Indispensable AAs are either not synthesized or cannot be synthesized in sufficient quantities endogenously to support protein synthesis and other metabolic functions and therefore must be provided in the diet. To be utilized for metabolic functions, dietary AA must first be digested through enzymatic hydrolysis of proteins, followed by absorption via enterocytes into circulation (Stein et al., 2007). Therefore, impaired intestinal barrier function, which mediates nutrient absorption, can negatively affect AA uptake. Maintaining or restoring gut health enhances the surface area for nutrient absorption, which in turn increases circulating AA (Farré et al., 2020). Measuring postprandial AA concentrations provides valuable insights into gut barrier integrity and response to a meal. To our knowledge, no other studies have reported postprandial AA response in dogs supplemented with brewers yeast. However, numerous studies that measure digestibility, which underpins postprandial AA appearance, have been conducted in other species receiving yeast supplementation. When measured in yeast-supplemented pigs, postprandial AA concentrations are variable, though largely suggestive of a beneficial effect of the yeast supplement (Mateo and Stein, 2007; Moehn et al., 2010; Xiong et al., 2015; Wu et al., 2018; Park et al., 2021).
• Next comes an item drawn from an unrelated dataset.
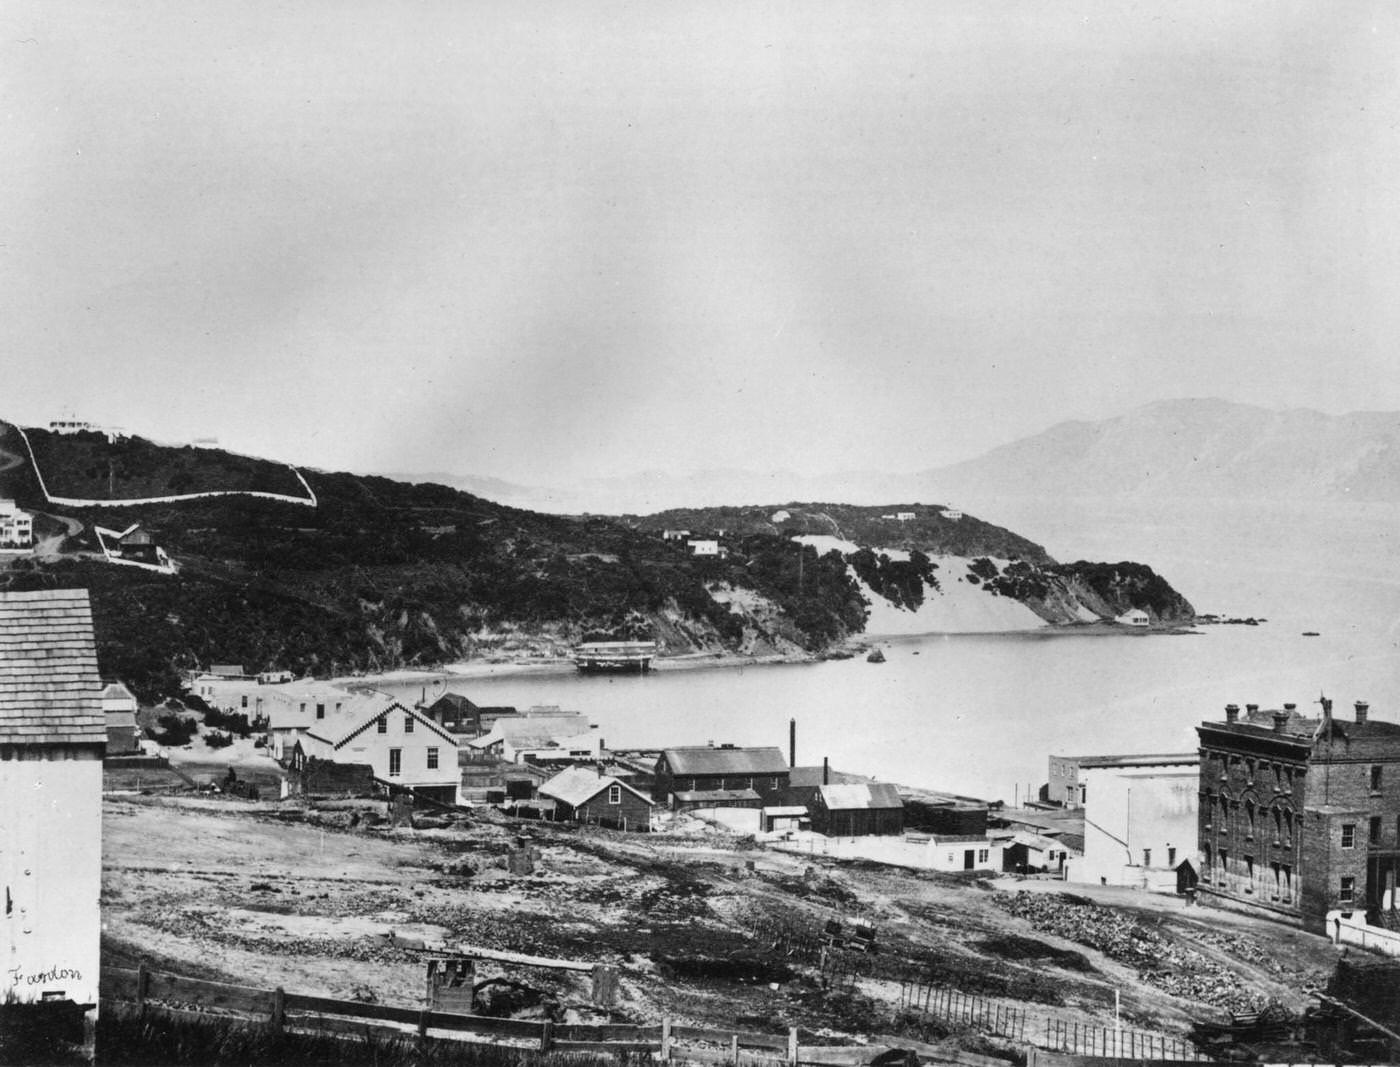 A view of North Beach and the San Francisco Bay from Telegraph Hill, San Francisco, 1855

In this study, measurable differences were observed in postprandial AA concentrations in the test population, particularly for serum Trp, His, and GSH. Trp is involved in the gut–brain axis through 3 primary pathways: serotonin synthesis, the kynurenine pathway, and the microbial indole pathway (Roth et al., 2021). Trp is the only substrate for serotonin synthesis, which occurs predominantly in the distal GIT (Boadle-Biber, 1993), almost entirely by enterochromaffin cells (ECs) in the intestinal mucosa. Released serotonin impacts gut signaling (Gershon et al., 1977; Mawe and Hoffman, 2013), motility (Browning, 2015), intestinal homeostasis (Reigstad et al., 2015), vasoreactivity (Mohammad‐Zadeh et al., 2008), and immune cell activity (Herr et al., 2017). While most Trp oxidation via the kynurenine pathway occurs in the liver, a portion occurs in the brain and GIT (Roth et al., 2021). The activity of indoleamine 2,3-dioxygenase (IDO), the enzyme degrading Trp to kynurenine, is induced by proinflammatory cytokines and microbial components (Yi et al., 2015), and influenced by short chain fatty acids (He et al., 2013). Kynurenine crosses the blood—brain barrier affecting neural signaling. Lastly, gut bacteria expressing tryptophanase convert Trp to indole and its derivatives (e.g., indole-3-acetate, indole-3-propionic acid), which can attenuate inflammation (Ehrlich et al., 2020), activate aryl hydrocarbon receptors influencing immune responses (Esser et al., 2009), and inhibit dysbiosis (Zelante et al., 2013; Lamas et al., 2016).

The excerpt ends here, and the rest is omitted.